For the third time, the minimum number that has never been used is 7. Delete the last number in every 7 numbers. The sequence becomes 1 3 7 9 13 15.

Then you cannot delete any numbers. There are 6 numbers left over. So the answer is 6.

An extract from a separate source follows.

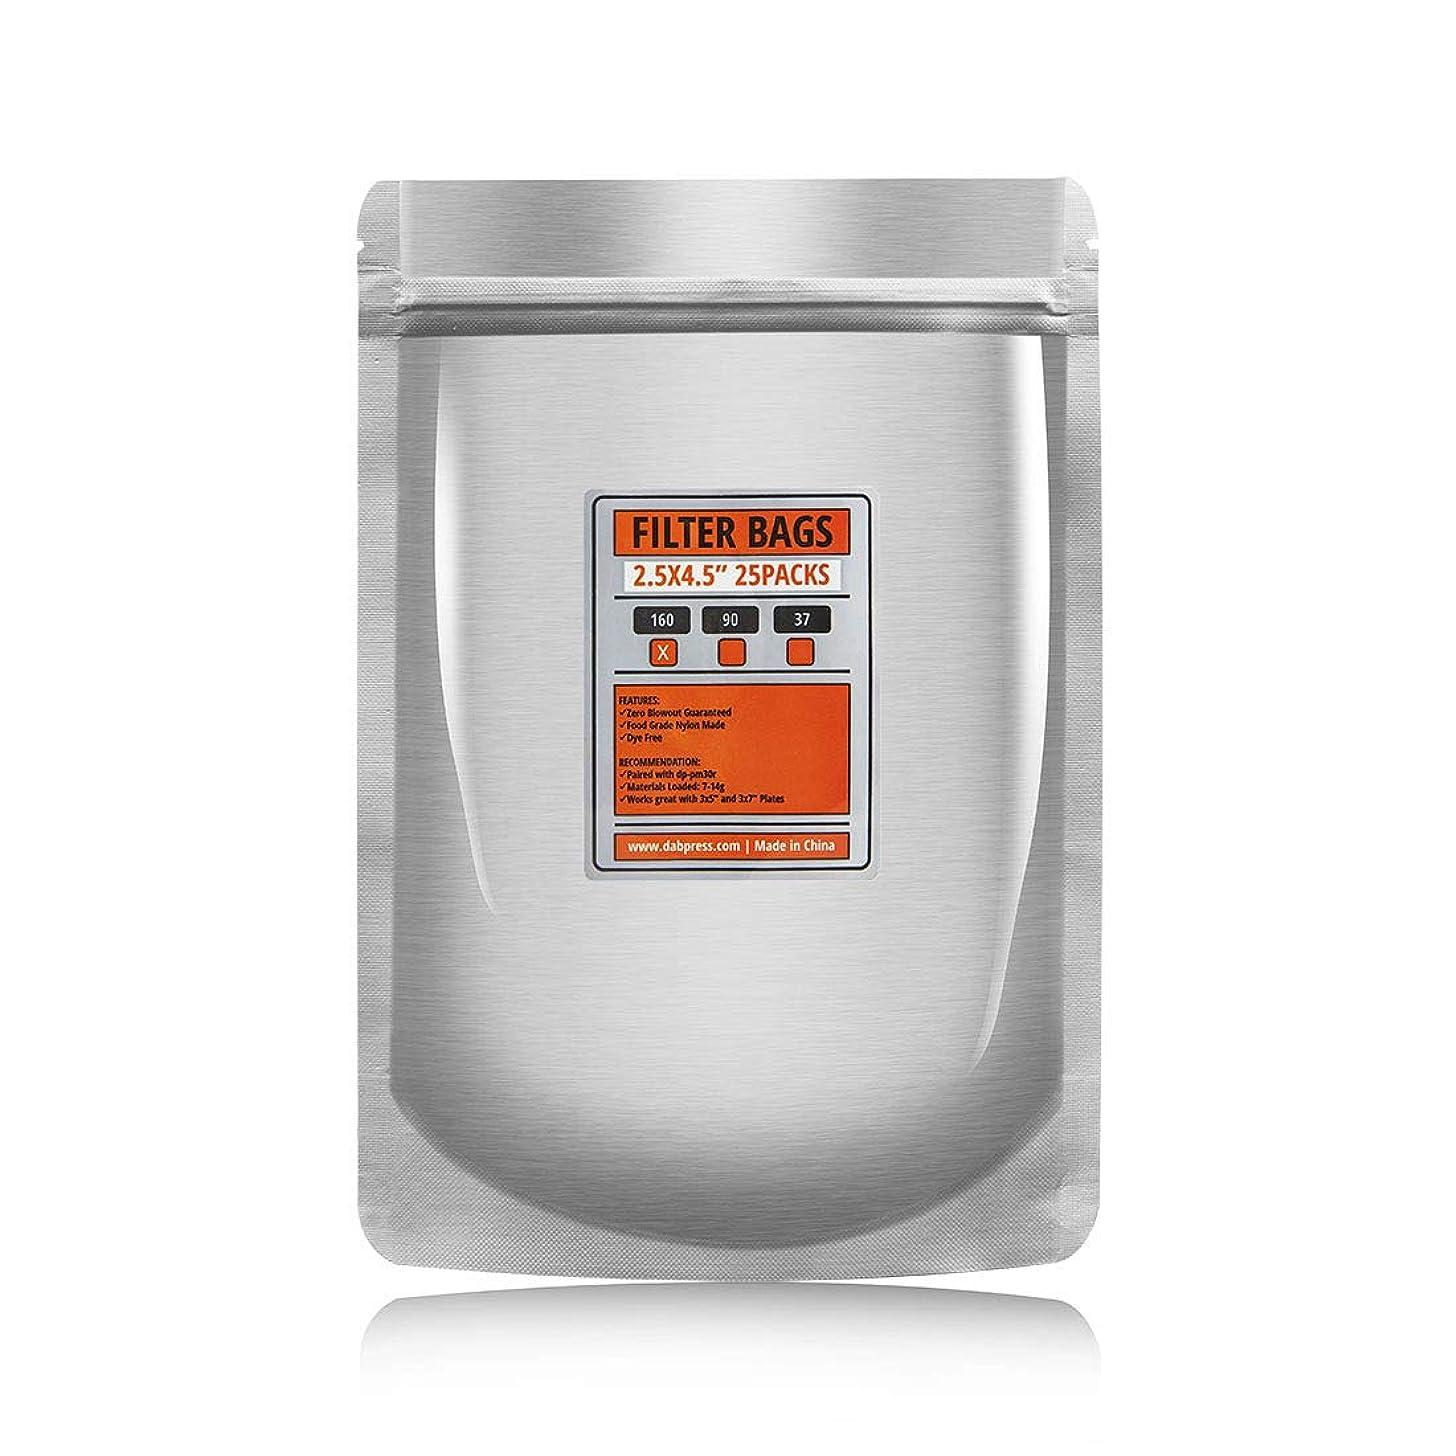 iBudtek 2.5x4.5 Inch | 160 Micron Press Bags | Nylon Tea Filter Press Screen Bags | 25 Bags Per Package | Pair It with dp-pm40r PrePress Mold

一开始用容器模拟，结果超时了，于是后面发现数据范围其实也不大，然后就打表过了。。。。

这个是超时代码

#include<iostream>
#include<algorithm>
#include<cstdio>
#include<cstring>
#include<cmath>
#include<set>
#include<vector>
using namespace std;
const int MAX=10001;
int vis[MAX];
int main()
{
freopen("out.txt","w",stdout);
for(int n=3;n<=10000;n++)
{
set<int> st;
vector<int> G;
memset(vis,0,sizeof(vis));
for(int i=1;i<=n;i++)
{
st.insert(i);
G.push_back(i);
}
set<int>::iterator iter;
vector<int>::iterator itv;
int cnt=2;
int curp=0;
while(true)
{
int len=st.size();
int k=0;
for(int i=curp+cnt-1;i<len;i+=cnt)
{
// cout<<"a"<<i<<endl;
st.erase(G[i]);
vis[k++]=G[i];
}
for(int i=0;i<k;i++)
{
G.erase(lower_bound(G.begin(),G.end(),vis[i]));
}
//            for(iter=st.begin();iter!=st.end();iter++)
//            {
//                cout<<*iter<<" ";
//            }
//            cout<<endl;
bool flag=false;
for(iter=st.begin();iter!=st.end();iter++)
{
if(*iter>cnt&&*iter<=st.size())
{
cnt=*iter;
flag=true;
break;
}
}
if(flag==false)
{
break;
}
}
printf("%d,",st.size());
if(n%100==0) printf("\n");
}
return 0;
}

打表代码，大家都懂的，我就不贴了。。。。